EXERCISE: Provide only the number of lines in the following data that contain "https".

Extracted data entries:
Content starts
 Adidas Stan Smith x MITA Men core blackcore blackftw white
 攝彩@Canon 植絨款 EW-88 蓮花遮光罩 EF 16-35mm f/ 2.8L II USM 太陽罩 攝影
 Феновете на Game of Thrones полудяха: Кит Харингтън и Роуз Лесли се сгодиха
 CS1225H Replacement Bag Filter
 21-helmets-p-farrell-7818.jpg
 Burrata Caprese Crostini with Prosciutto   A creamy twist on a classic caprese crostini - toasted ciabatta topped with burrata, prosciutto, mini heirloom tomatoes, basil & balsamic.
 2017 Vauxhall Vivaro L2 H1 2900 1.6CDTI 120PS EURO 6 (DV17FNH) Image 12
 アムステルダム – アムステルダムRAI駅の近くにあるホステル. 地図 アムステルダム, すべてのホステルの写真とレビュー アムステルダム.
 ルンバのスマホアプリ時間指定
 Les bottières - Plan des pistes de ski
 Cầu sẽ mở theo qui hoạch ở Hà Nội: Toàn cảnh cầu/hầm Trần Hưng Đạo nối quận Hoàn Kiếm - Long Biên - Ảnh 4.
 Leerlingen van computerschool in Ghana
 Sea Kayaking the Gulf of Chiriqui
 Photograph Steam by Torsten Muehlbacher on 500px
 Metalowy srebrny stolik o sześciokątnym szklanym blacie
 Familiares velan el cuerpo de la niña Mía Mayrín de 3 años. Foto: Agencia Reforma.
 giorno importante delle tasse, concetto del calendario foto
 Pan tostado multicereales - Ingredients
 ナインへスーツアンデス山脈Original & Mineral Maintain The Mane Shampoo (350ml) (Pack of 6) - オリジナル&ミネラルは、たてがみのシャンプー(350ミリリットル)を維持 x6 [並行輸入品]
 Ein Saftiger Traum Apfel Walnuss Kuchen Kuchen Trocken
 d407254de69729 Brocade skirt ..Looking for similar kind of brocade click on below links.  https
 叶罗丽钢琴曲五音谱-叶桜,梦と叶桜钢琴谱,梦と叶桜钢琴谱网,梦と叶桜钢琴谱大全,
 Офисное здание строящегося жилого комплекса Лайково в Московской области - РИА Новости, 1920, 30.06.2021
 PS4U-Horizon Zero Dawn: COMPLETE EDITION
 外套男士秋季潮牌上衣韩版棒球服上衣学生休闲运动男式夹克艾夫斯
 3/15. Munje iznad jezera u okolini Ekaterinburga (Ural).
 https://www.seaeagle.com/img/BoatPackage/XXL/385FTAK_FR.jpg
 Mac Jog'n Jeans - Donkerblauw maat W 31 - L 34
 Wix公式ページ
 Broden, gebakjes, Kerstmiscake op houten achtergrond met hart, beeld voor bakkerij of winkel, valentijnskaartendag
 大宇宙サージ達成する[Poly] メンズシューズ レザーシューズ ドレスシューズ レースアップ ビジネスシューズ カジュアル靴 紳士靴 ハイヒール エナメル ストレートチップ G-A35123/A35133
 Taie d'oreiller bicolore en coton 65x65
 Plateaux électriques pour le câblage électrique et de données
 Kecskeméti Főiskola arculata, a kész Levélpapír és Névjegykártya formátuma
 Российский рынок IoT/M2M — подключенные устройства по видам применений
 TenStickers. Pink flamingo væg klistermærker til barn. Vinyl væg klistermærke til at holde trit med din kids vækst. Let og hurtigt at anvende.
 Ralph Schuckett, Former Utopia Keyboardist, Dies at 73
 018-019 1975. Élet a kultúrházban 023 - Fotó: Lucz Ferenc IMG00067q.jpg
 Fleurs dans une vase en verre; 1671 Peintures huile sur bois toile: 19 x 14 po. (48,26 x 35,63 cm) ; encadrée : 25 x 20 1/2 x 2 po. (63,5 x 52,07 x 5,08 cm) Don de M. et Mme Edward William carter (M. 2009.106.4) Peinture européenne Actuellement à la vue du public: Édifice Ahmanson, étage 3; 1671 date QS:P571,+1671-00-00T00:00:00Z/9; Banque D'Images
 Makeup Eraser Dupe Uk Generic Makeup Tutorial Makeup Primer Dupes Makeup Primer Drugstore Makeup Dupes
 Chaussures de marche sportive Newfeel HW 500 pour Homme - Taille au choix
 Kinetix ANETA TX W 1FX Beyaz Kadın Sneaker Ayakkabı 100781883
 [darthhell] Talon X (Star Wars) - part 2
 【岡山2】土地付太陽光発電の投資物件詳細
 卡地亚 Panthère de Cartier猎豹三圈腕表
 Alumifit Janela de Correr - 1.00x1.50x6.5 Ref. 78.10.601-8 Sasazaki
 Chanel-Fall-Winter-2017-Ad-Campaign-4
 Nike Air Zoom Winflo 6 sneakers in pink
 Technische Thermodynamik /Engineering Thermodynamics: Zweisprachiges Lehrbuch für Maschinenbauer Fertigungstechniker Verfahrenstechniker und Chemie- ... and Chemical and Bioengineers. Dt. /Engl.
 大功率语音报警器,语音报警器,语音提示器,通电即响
Content ends
PROBLEM SOLUTION: 2